As I said, just use one of the APIs where the encoding is provided
when creating the parser if you're 100% sure of what encoding the data
stream is in ! Again reread the spec appendix F, contextual encoding
information may override detection or declared encoding !
 
Daniel

Comment 4 Philippe Normand 2009-10-22 12:22:31 UTC

By the way, we use xmlReadMemory() and we pass the correct UTF-16 encoding variant.

Comment 5 Mark Rowe 2009-10-22 19:42:27 UTC

Daniel,  we’re looking for a way to take advantage of the aspect of appendix F that you mention but the libxml2 API seems to be lacking.  WebKit creates a parser context via xmlCreatePushParserCtxt and feeds it data via xmlParseChunk.  As far as I can see there is no way to specify the encoding when creating a push parser context.  That’s what motivated the filing of this enhancement request.  Is there something that we’re missing?

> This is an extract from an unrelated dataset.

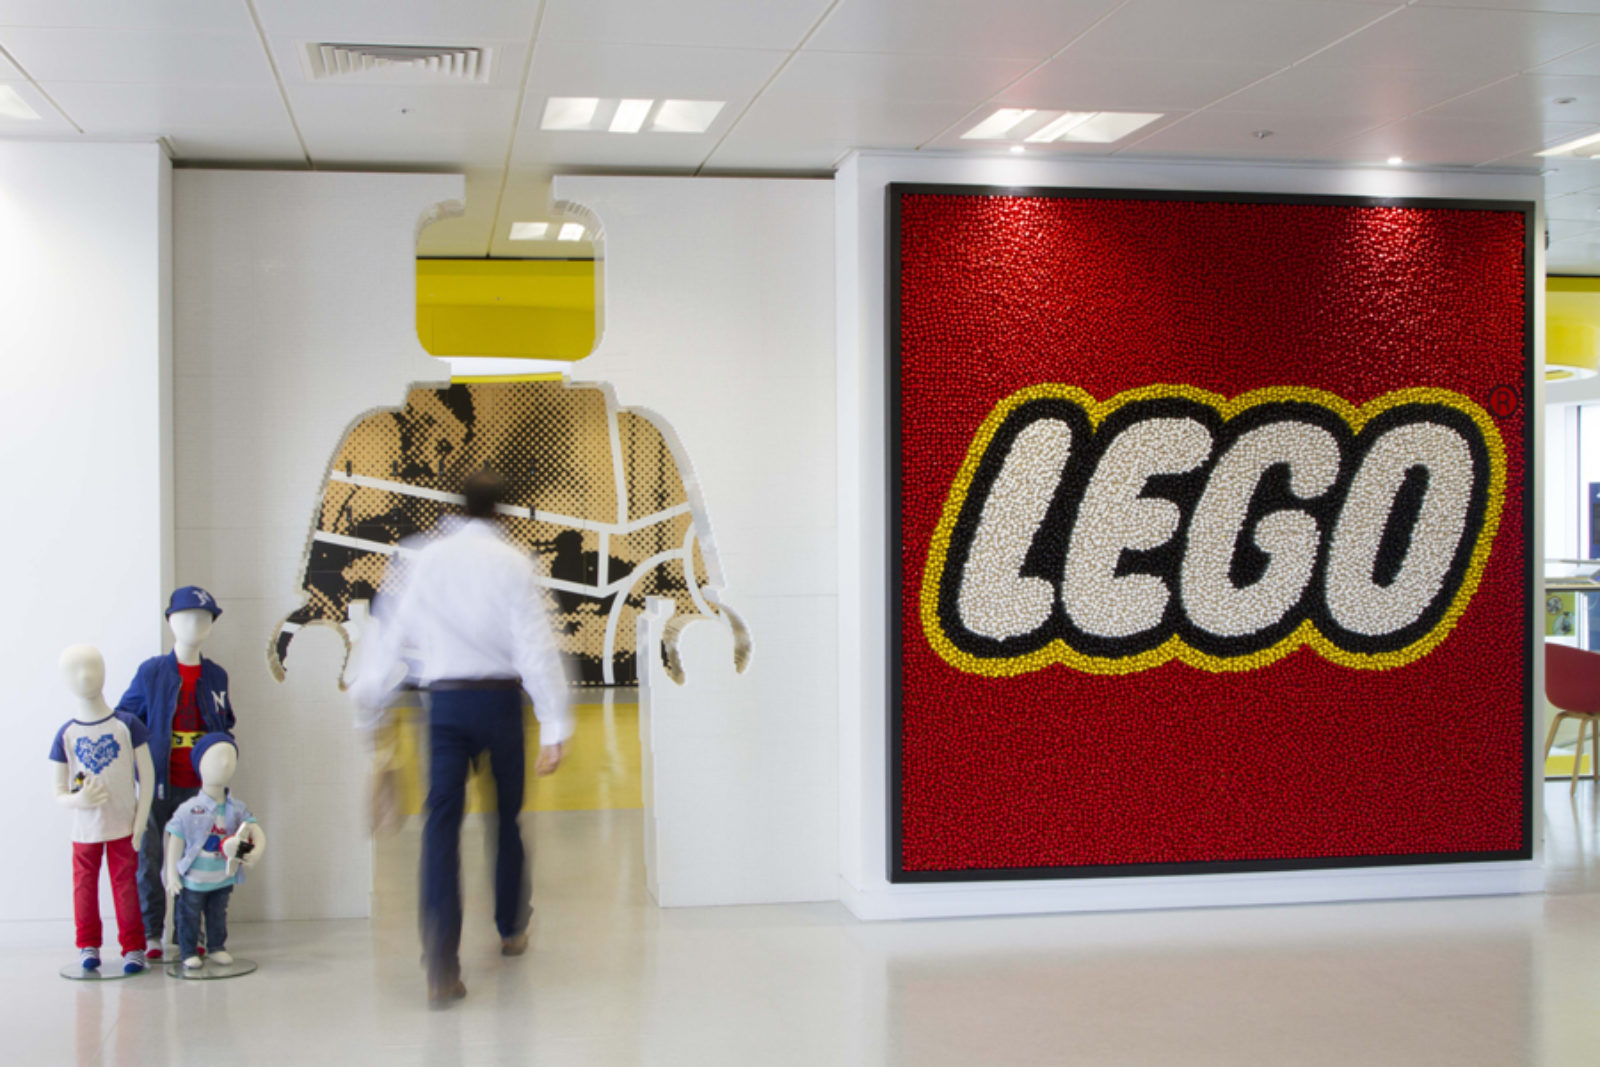 SFI_CS2_Image1_LEGO.jpg

Comment 6 Daniel Veillard 2009-10-23 21:37:36 UTC

Mark, ah you were using xmlCreatePushParserCtxt ! 
Well in that specific API right you can't do that directly.
I don't see how that would not contradict with comment #4 though,
so who's right ? You I assume. 

I guess what's needed is a slightly variation on 
xmlCreatePushParserCtxt() which would set the UTF-16 decoder on the
input buffer.
Not very fun to write and test especially since with push mode and
UTF-16 having a standalone testing program in C is not trivial.

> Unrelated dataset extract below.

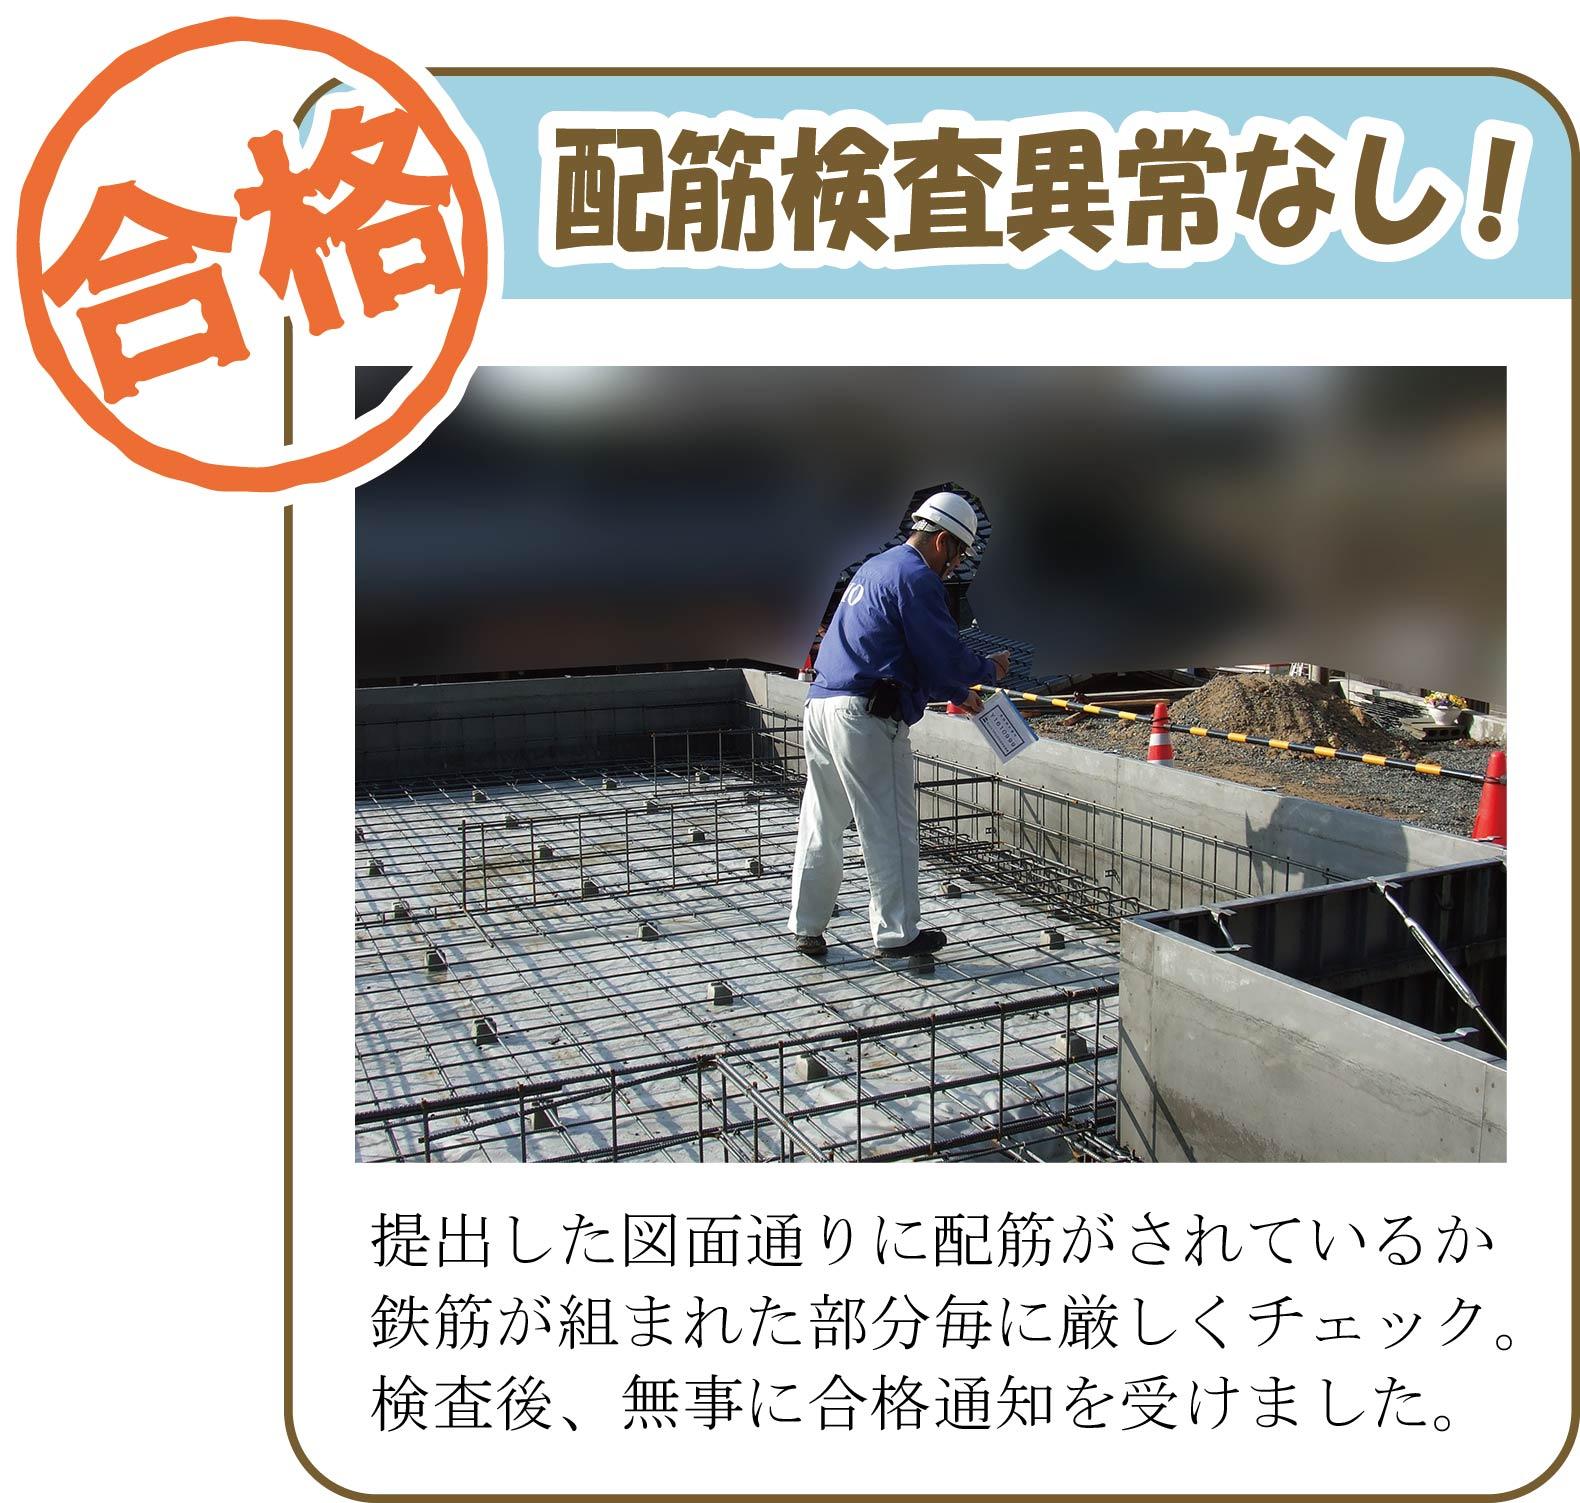 KuraSi-natu-sin83-10.jpg

One trick might be to call xmlCreatePushParserCtxt() with no first
data, then call xmlSwitchEncoding(ctxt, XML_CHAR_ENCODING_UTF16LE)
(or BE if that's what you're using) then do the normal
xmlParseChunk() calls.

  might be sufficient for your case,

Daniel

Comment 7 Mark Rowe 2009-10-23 21:52:54 UTC

The trick you suggest is what we have been using up until recently.  When doing that libxml2 still attempts to switch to any encoding found within the XML declaration.  We had workarounds for that switching, but they were foiled when the encoding switch was made more aggressive by <http://git.gnome.org/cgit/libxml2/commit/?id=a6c76a>.  That’s what motivated us to request a more explicit way to overriding the encoding.

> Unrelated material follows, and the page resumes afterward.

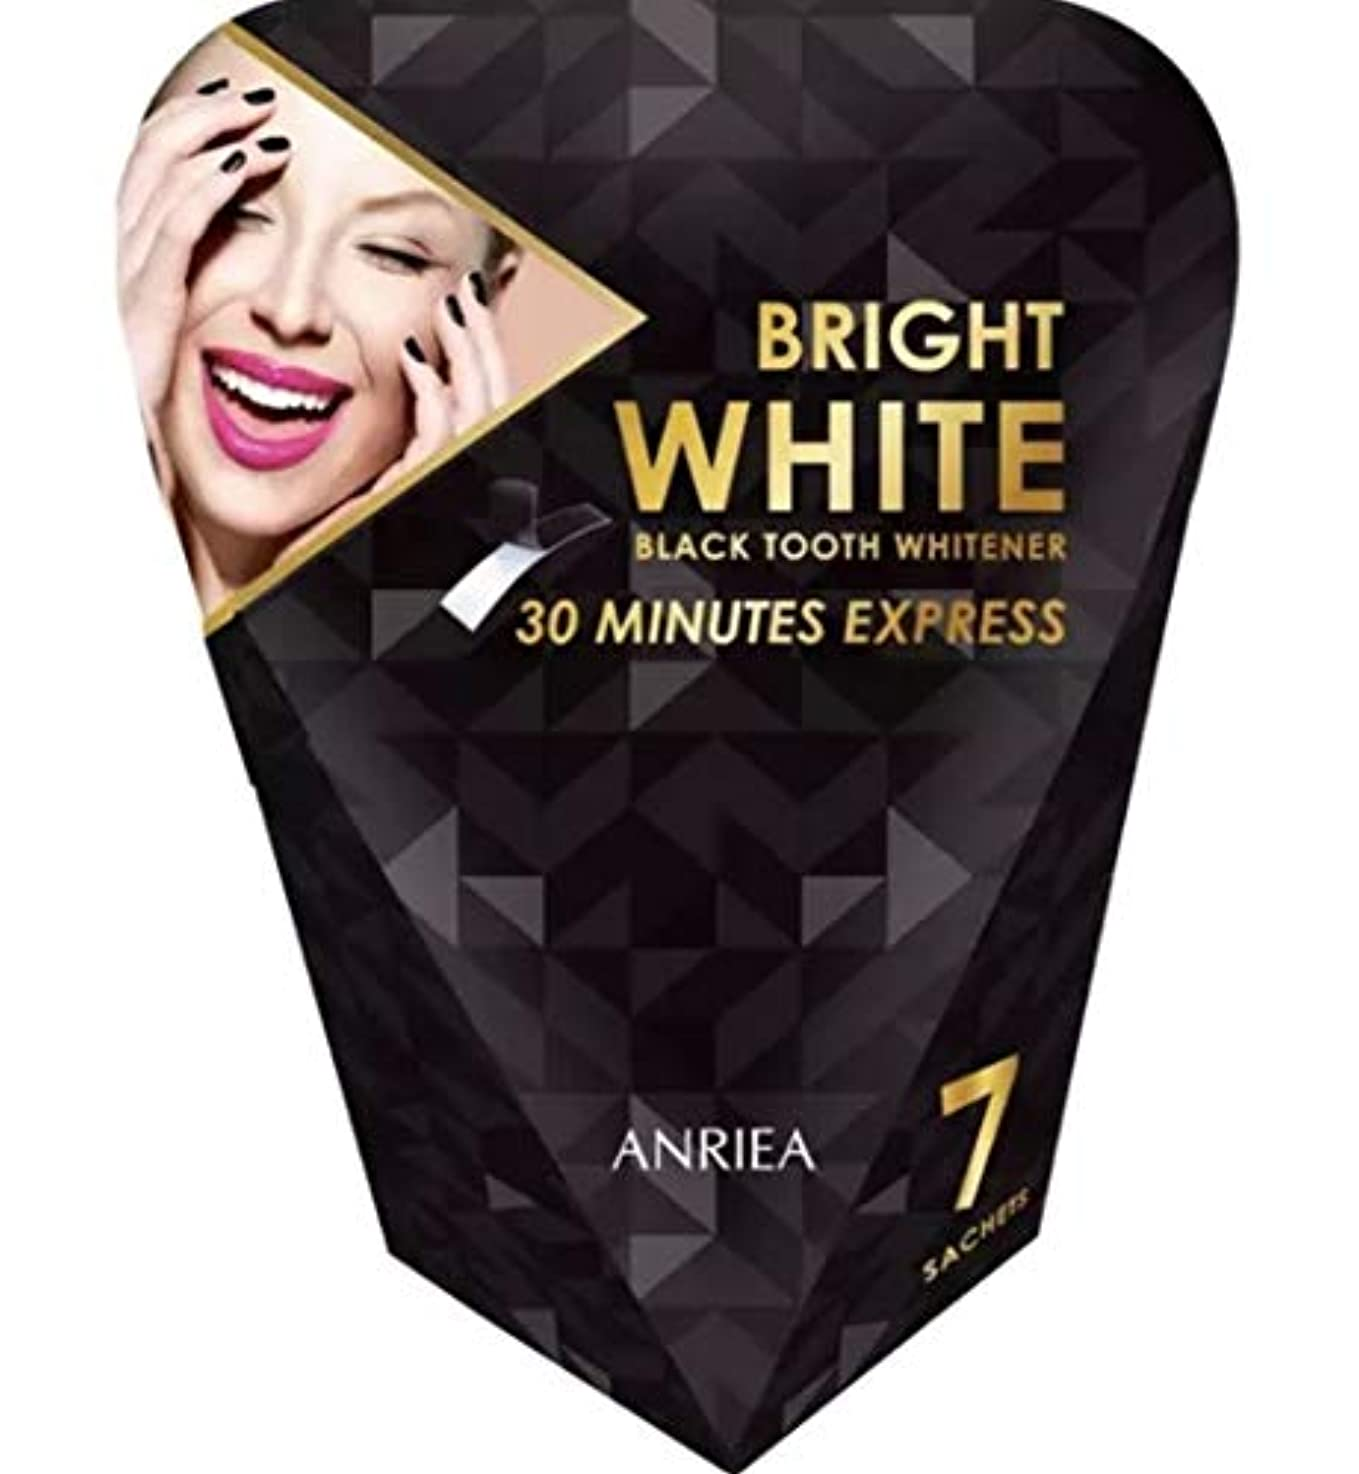 Anriea 3d white teeth Whitestrips Professional effect ANRIEA 3D ホワイトストリッププロフェッショナルエフェクト

We do use xmlReadMemory in some situations related to XSLT, but the majority of our parsing is done via the push parser.  I haven’t looked to see whether there’s an equivalent to xmlReadMemory that allows us to override the encoding.

Comment 8 Tobias Mueller 2010-05-06 16:11:10 UTC

Reopening as I can't see any open question.

Comment 9 GNOME Infrastructure Team 2021-07-05 13:24:24 UTC

GNOME is going to shut down bugzilla.gnome.org in favor of gitlab.gnome.org.
As part of that, we are mass-closing older open tickets in bugzilla.gnome.org
which have not seen updates for a longer time (resources are unfortunately
quite limited so not every ticket can get handled).

If you can still reproduce the situation described in this ticket in a recent
and supported software version, then please follow
  https://wiki.gnome.org/GettingInTouch/BugReportingGuidelines
and create a new ticket at
  https://gitlab.gnome.org/GNOME/libxml2/-/issues/

Thank you for your understanding and your help.